Goal of the exercise
Go through the listing below and write out exactly the lines from the one that mentions "Šodien notiks Zinovijas" through the one that mentions "La table dite", minus the pictures.

Task input
▶
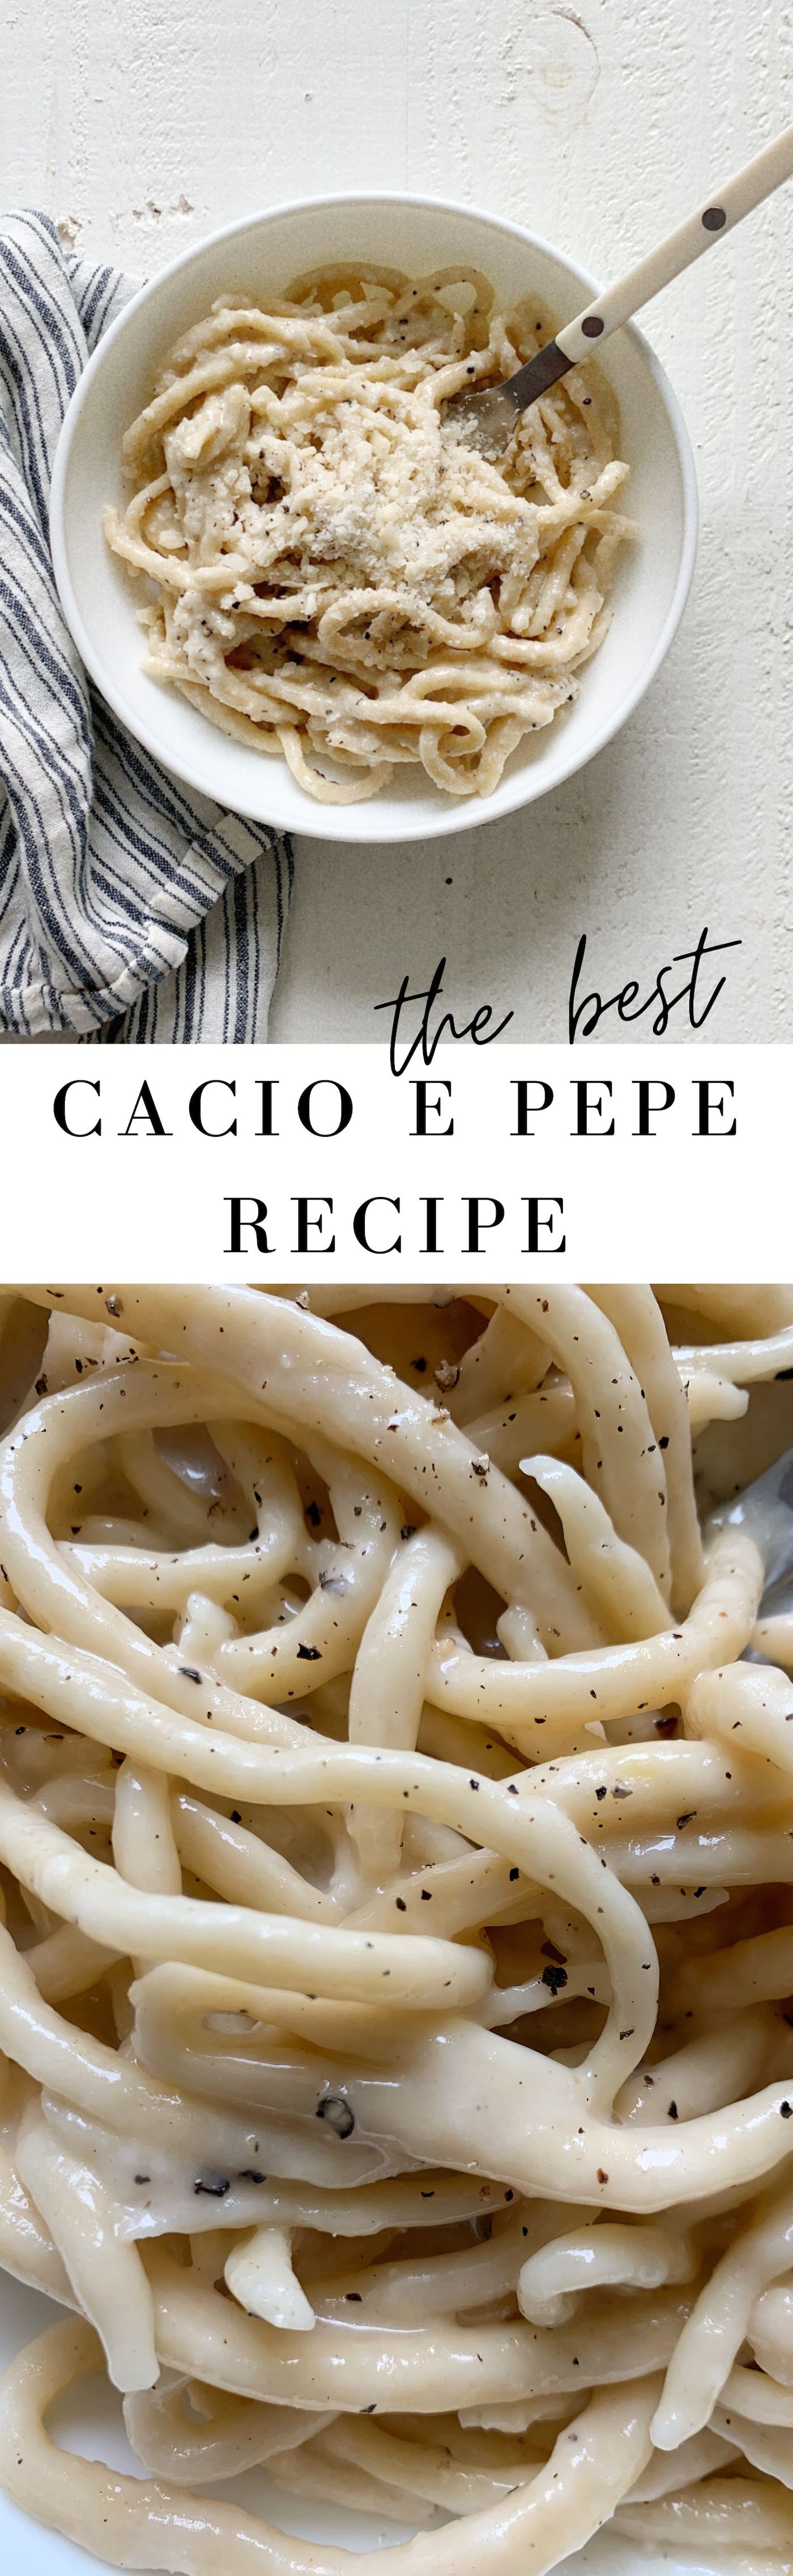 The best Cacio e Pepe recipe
◀
▶
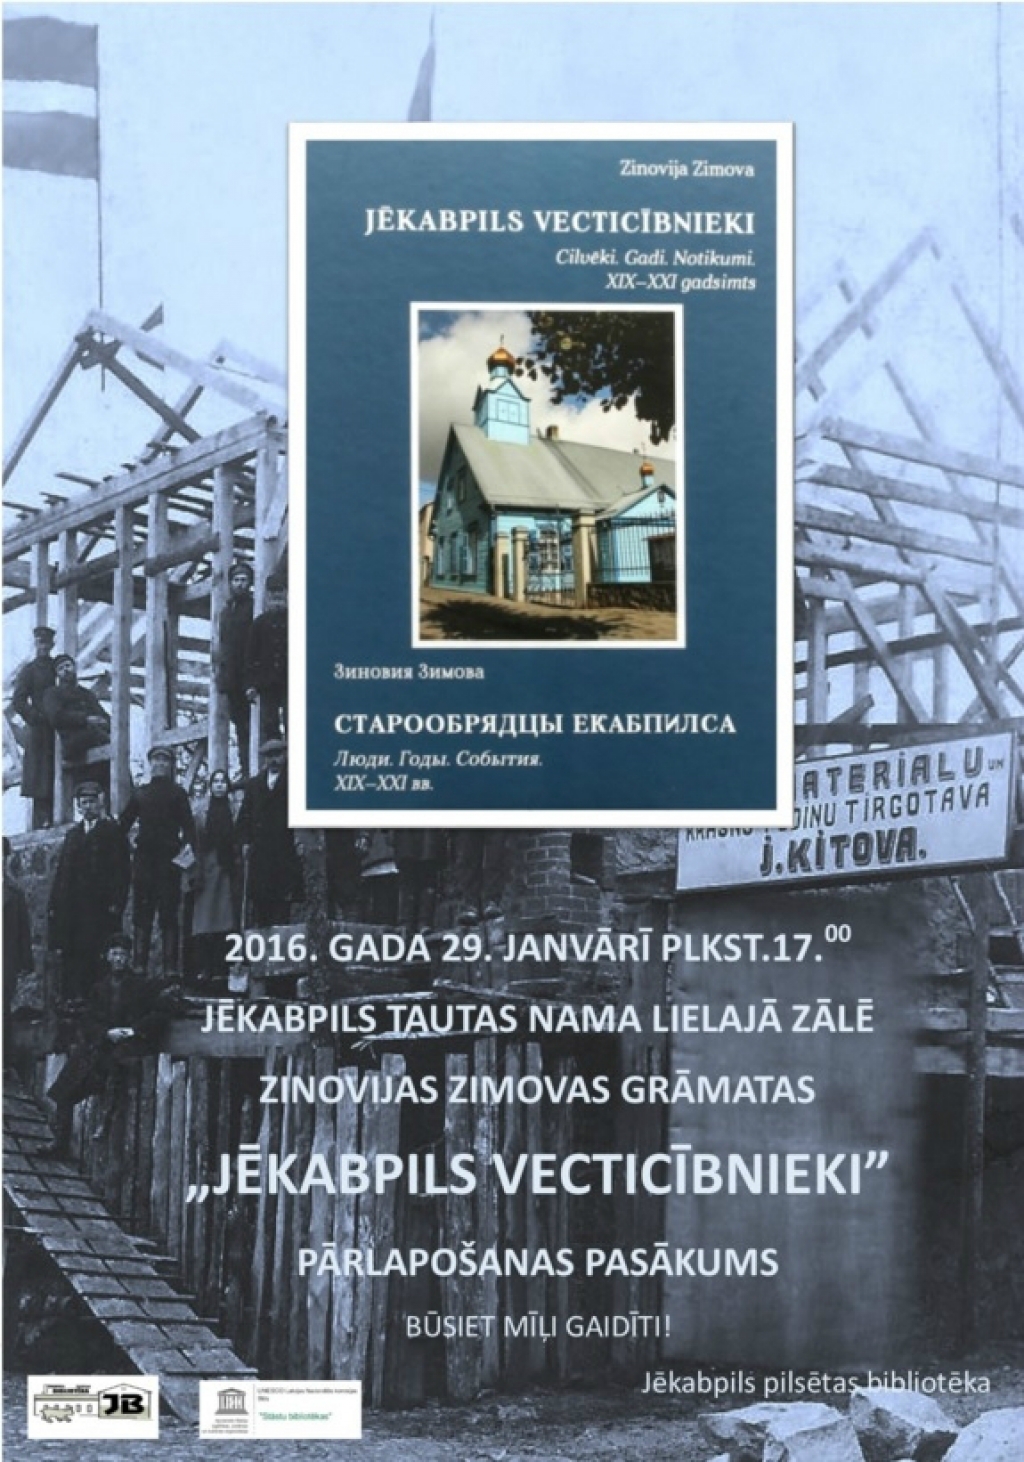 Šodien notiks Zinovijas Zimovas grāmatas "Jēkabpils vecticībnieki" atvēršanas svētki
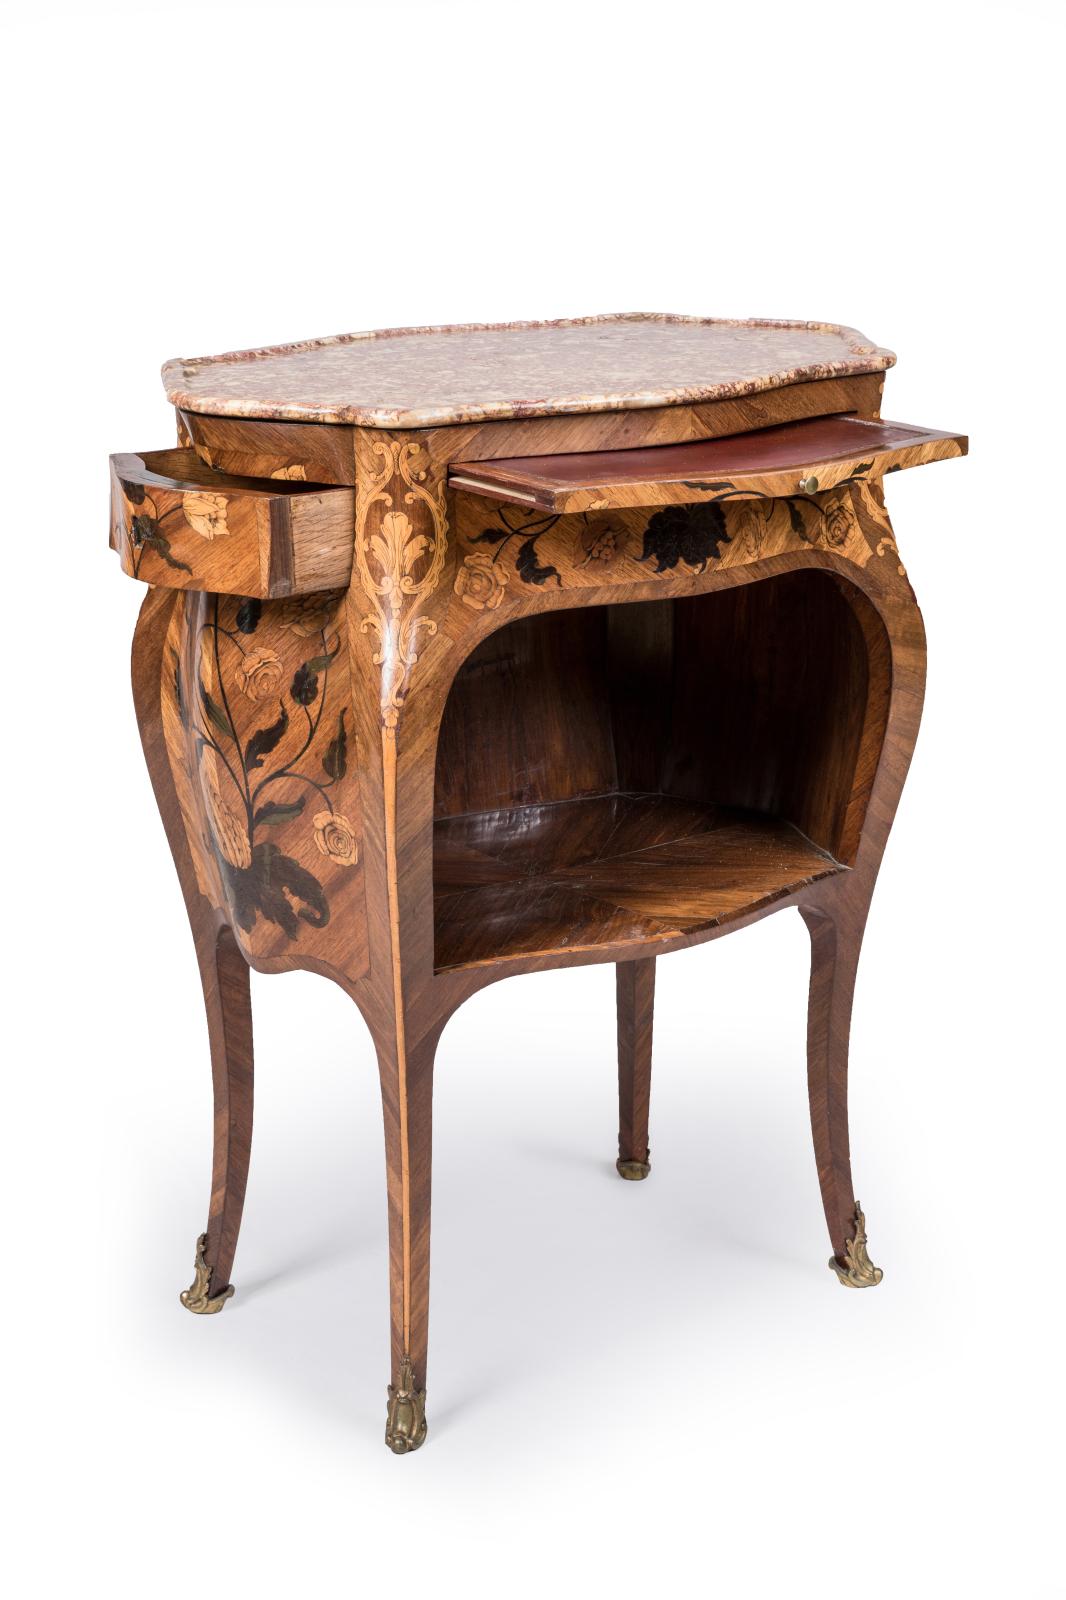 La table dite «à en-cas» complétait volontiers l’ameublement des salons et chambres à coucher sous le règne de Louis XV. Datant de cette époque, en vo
◀
Answer space
 Šodien notiks Zinovijas Zimovas grāmatas "Jēkabpils vecticībnieki" atvēršanas svētki
 La table dite «à en-cas» complétait volontiers l’ameublement des salons et chambres à coucher sous le règne de Louis XV. Datant de cette époque, en vo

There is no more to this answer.